I Think You're Beautiful
How would you respond if someone said to you, "I am taking pictures of things that I find beautiful, and I find you beautiful, so can I please take a picture of you"?
A high school student ran a social experiment a few years ago and did this exact thing. She made a video or the reactions that the students and faculty at her high school had to hearing that they are beautiful. In the second half of the video, the student conducting the social experiment followed up her telling people she finds them beautiful, with a question, "What's one thing that you think is beautiful or unique about yourself?" You can find the link to her video at the bottom of this piece to see the variety of responses. .

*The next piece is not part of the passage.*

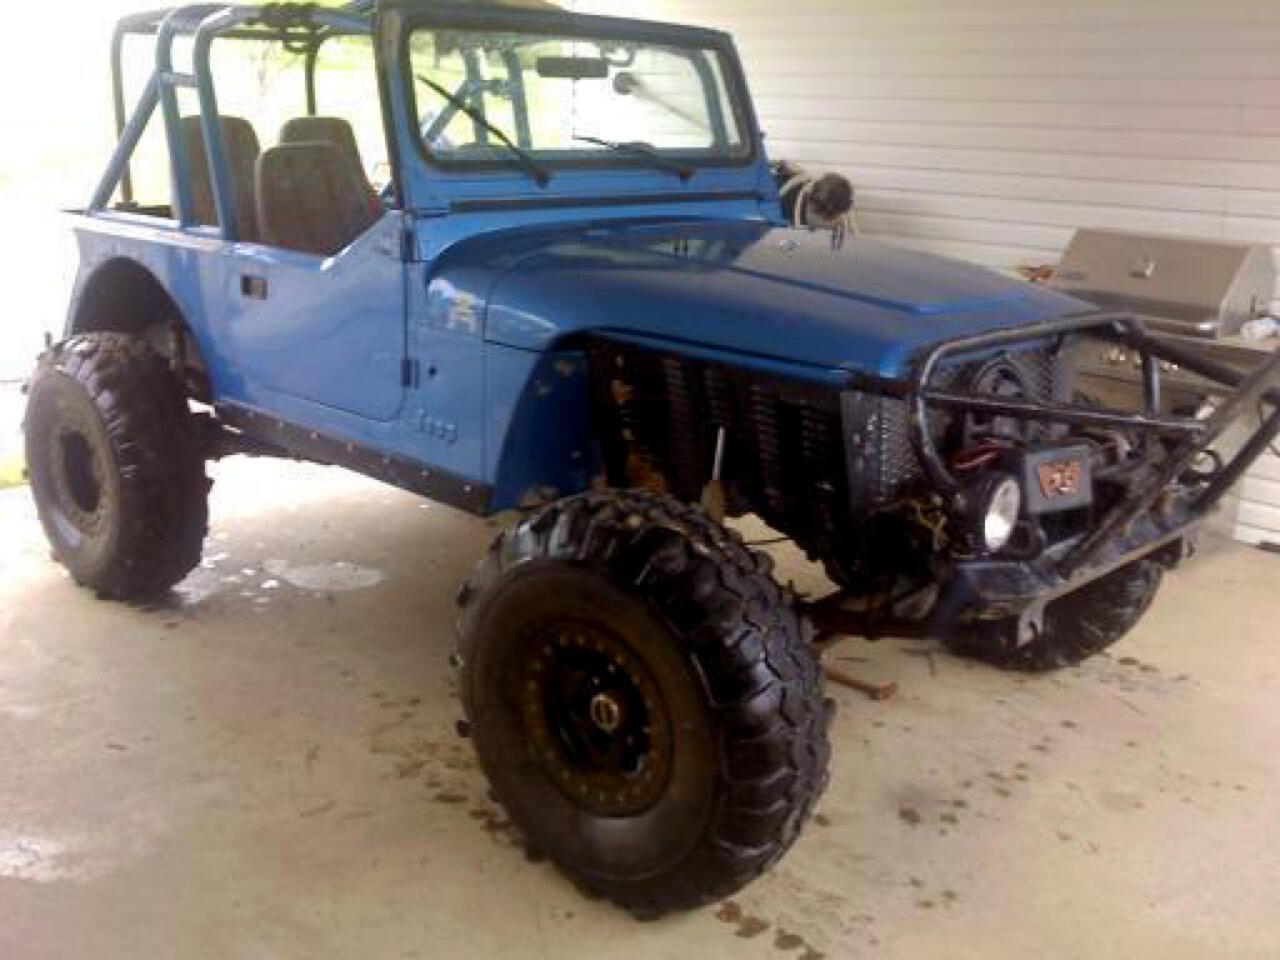 Jeep Wrangler 2dr Base 1987

The student running the experiment wondered why it is so uncomfortable for people to think of themselves as beautiful. After watching the video, I wonder the same thing, knowing for sure that I would respond in a way similar to many of the subjects in this experiment,
On the other hand, and this is a bit sad to say, but if someone asked me what some of my faults are and what do I think needs improvement in myself, I know that without hesitation, I could come up with a lengthy list. Here's the short version that took me 30 seconds to create: I need to be more organized. I need to get more sleep. I need to get better at sending thank you notes. I get too busy sometimes and don't take time to nurture friendships. I am more judgmental of myself and others than I would like to be. I neglect yard work and have almost zero skills in being handy around the house. I take way too many things for granted. I am always searching for "more" rather than being satisfied with how things are.

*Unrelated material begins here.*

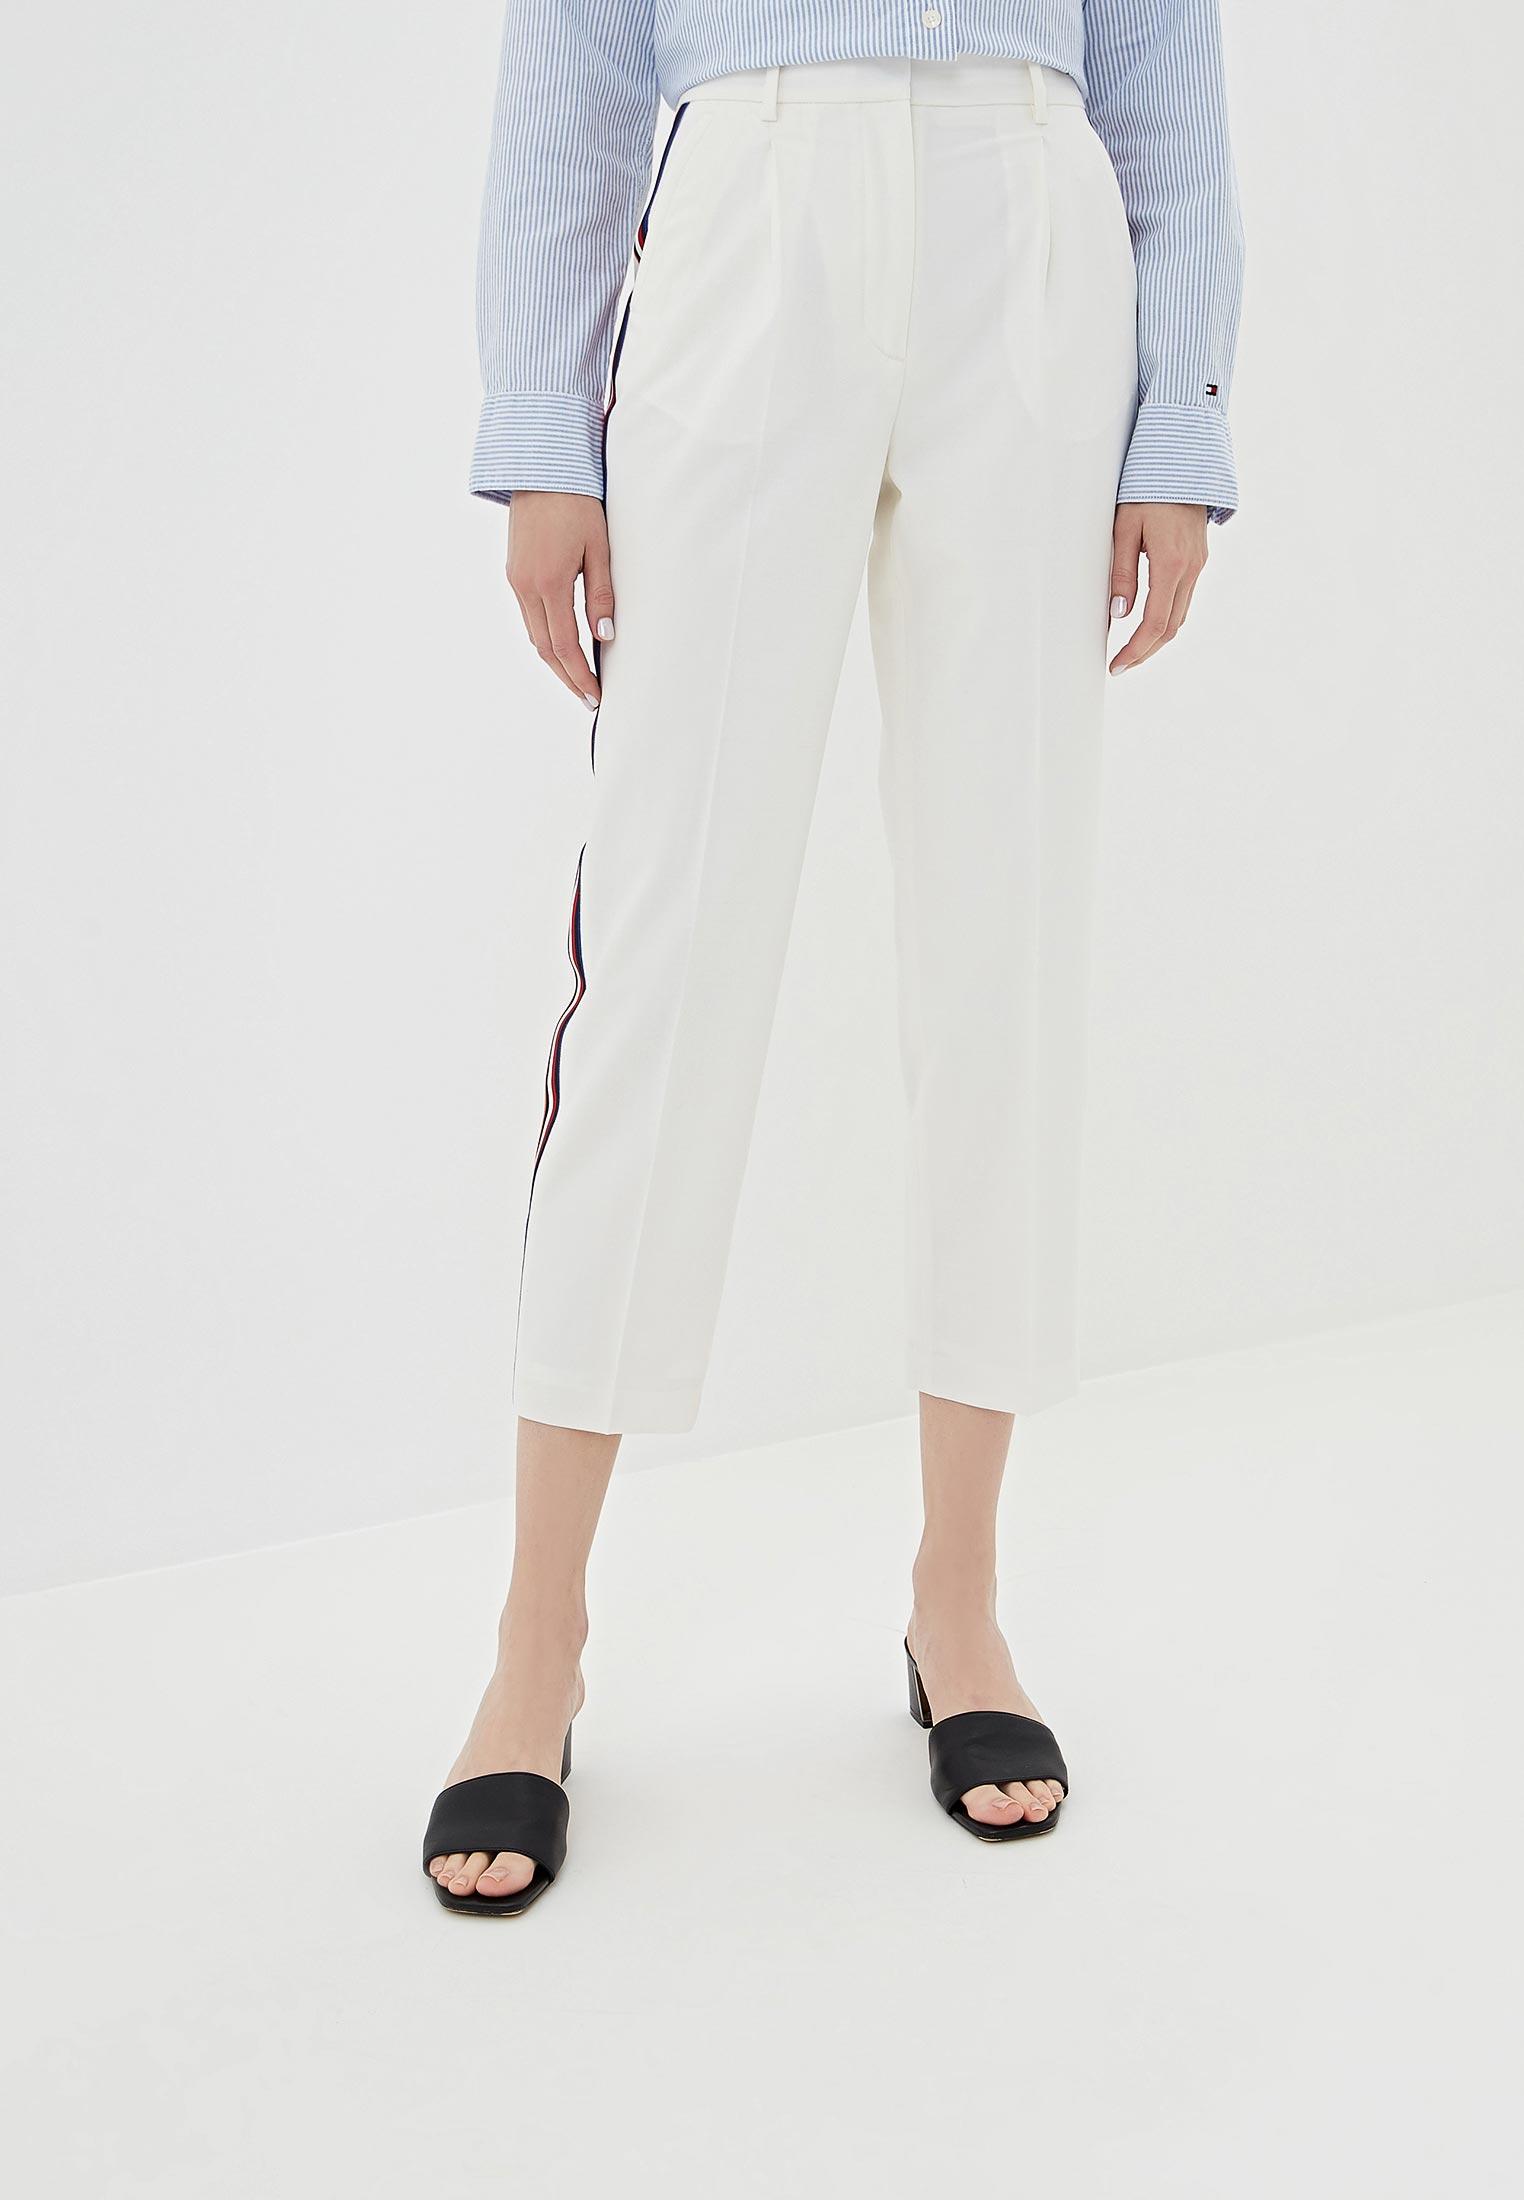 Женские классические брюки Tommy Hilfiger (Томми Хилфигер) WW0WW25066

Why is it that it is so easy for us to see the faults and what needs improving in ourselves? Why is it so difficult to see and celebrate that which is beautiful about ourselves? And while the social experiment I have referenced does not address this as it applies to how we see others, it is well worth noting that it is often the case that it is easier for us to see and point out the faults we see in others, than it is to point out the beauty we see in them. Again, why is this?
I don't know the answer to these questions, but I do know this: if you take a few minutes and watch the video of this social experiment, you will find your heart softened and perhaps a little more willing and able to take the time to see and celebrate what is beautiful in both yourself, and others.